Arabic language - diacritics - Scripts and texts in slides

Jun 05, 2023

Dear all,

We are translating courses for one of our major customers, from English into Arabic (modern). Their courses contain texts in slides and scripts (Text-to-speech).

Arabic translators never use diacritics when translating since they  interpret the text and pronounce it correctly according to the context, which the robot in Articulate doesn't seem to do.

While doing the target formatting, our DTP specialist told us that the robot in Articulate does not pronounce the words correctly when there are no diacritics (something we did not know).

The only solution is to add diacritics, when required, whether the texts are in the slides or in the scripts.

Are you aware of this problem and is there a way around it?

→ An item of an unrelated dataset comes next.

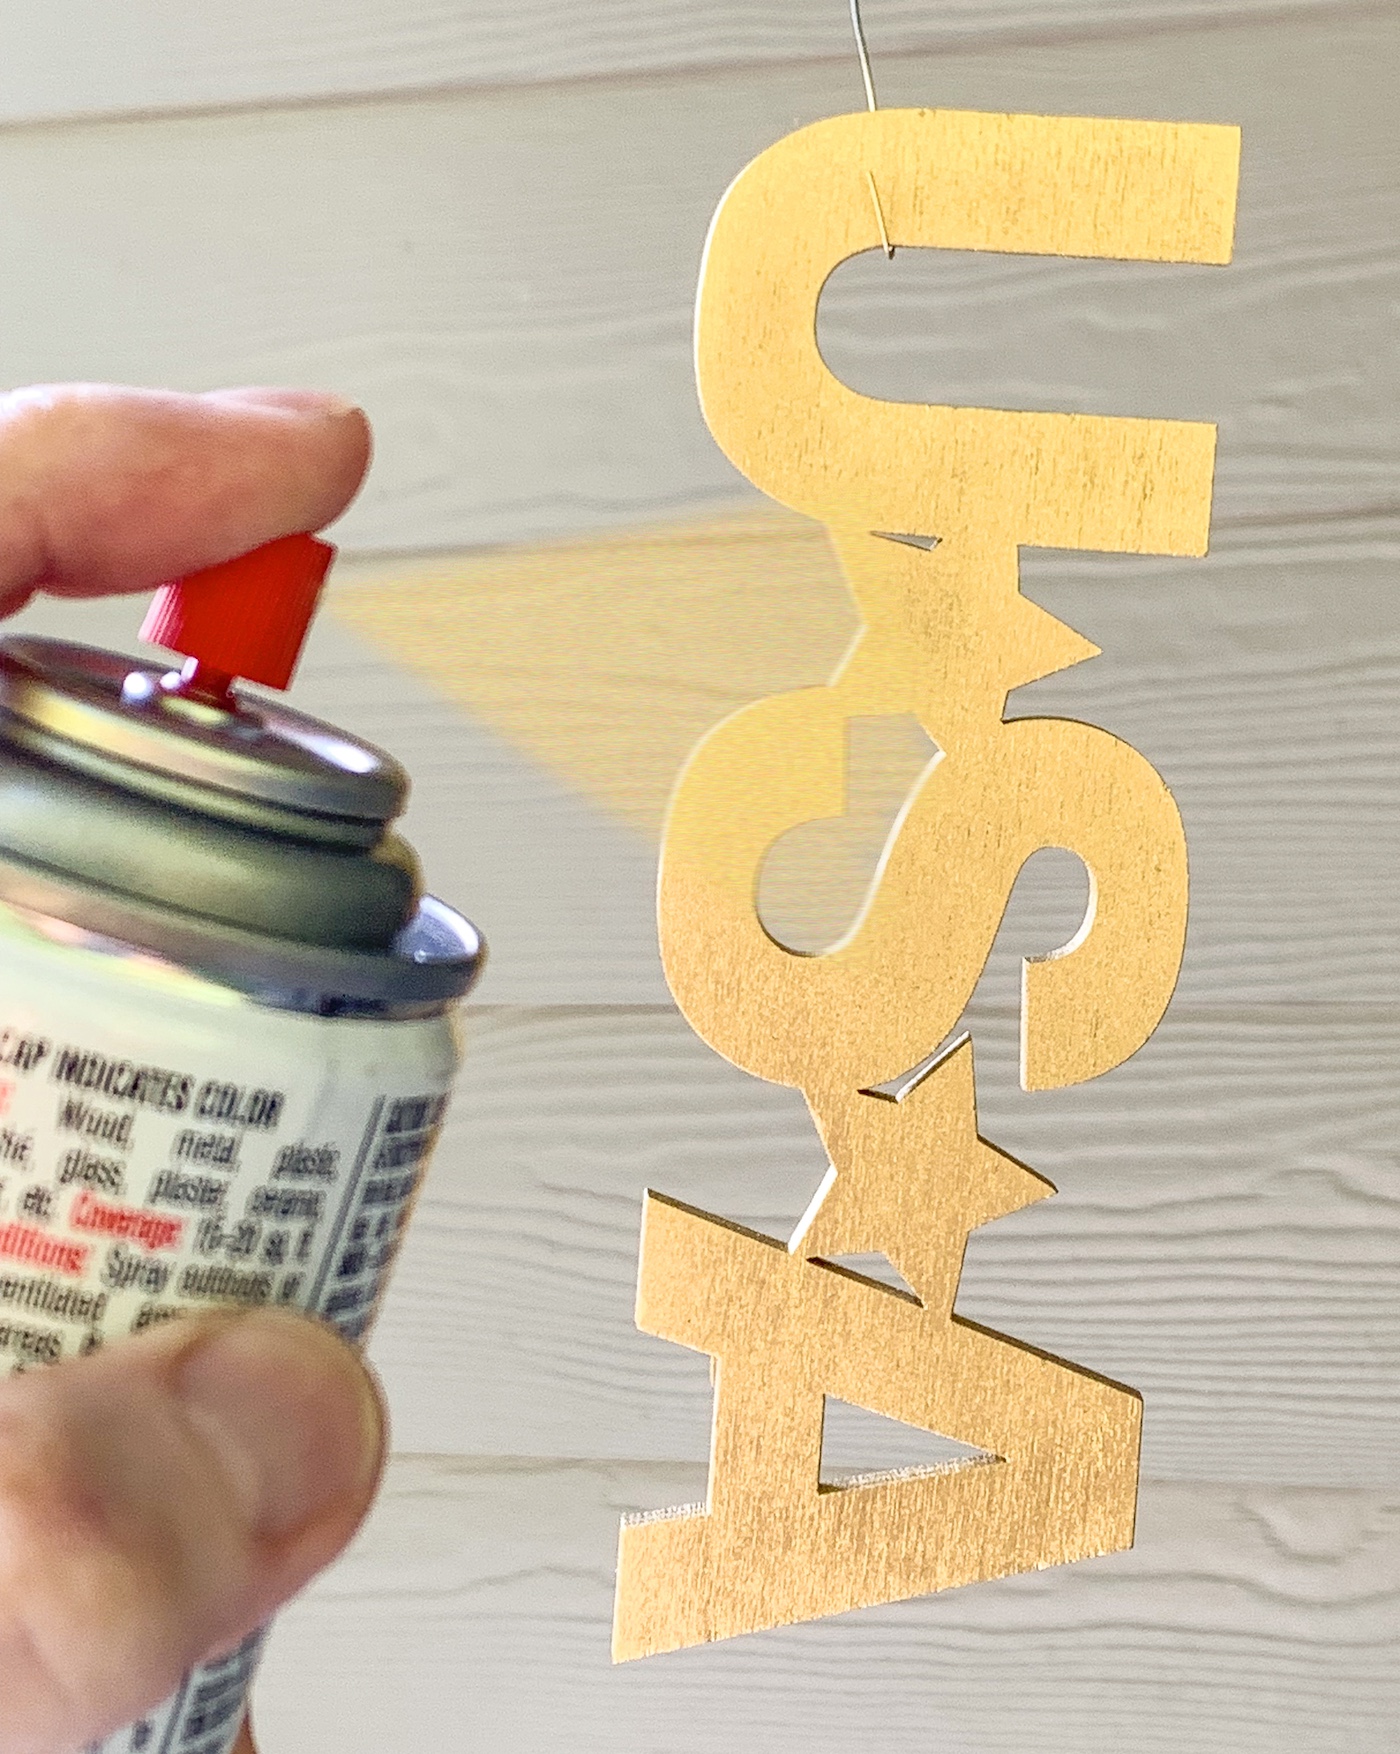 Spray painting the word USA with gold spray paint

We consulted several forums and found no discussion on this subject.

 

Thank you for your help.

Bertrand Bonaventure

 

2 Replies
Jose Tansengco

Hi Bertrand,

Thanks for reaching out!

I haven't seen this issue reported by other users so we'll need to take a closer look at the behavior to figure out what's happening. I opened a support case on your behalf to get you in touch with our support team, and they'll be reaching out by email momentarily to help you troubleshoot.

Jürgen Schoenemeyer

>which the robot in Articulate doesn't seem to do.

change "Articulate" to "Amazon", it's a problem with Amazon Polly (used by Storyline)

Short vowels (diacritics) are not part of the Arabic alphabet. As a result, one written form might be pronounced in several different ways with every option carrying its own meaning and representing a different part of speech. Vocalization can’t be performed in isolation because correct pronunciation depends heavily on the linguistic context of each word. In a real life situation Arabic readers add diacritics during reading to disambiguate words and to pronounce them correctly. In the TTS voice development process Arabic requires a diacritizer that predicts the diacritics. The Amazon Arabic TTS voice handles unvocalized Arabic content thanks to the in-build diacritizer. If a customer provides vocalized input, Zeina generates the corresponding audio as well.

the in-build diacritizer seemes not be perfect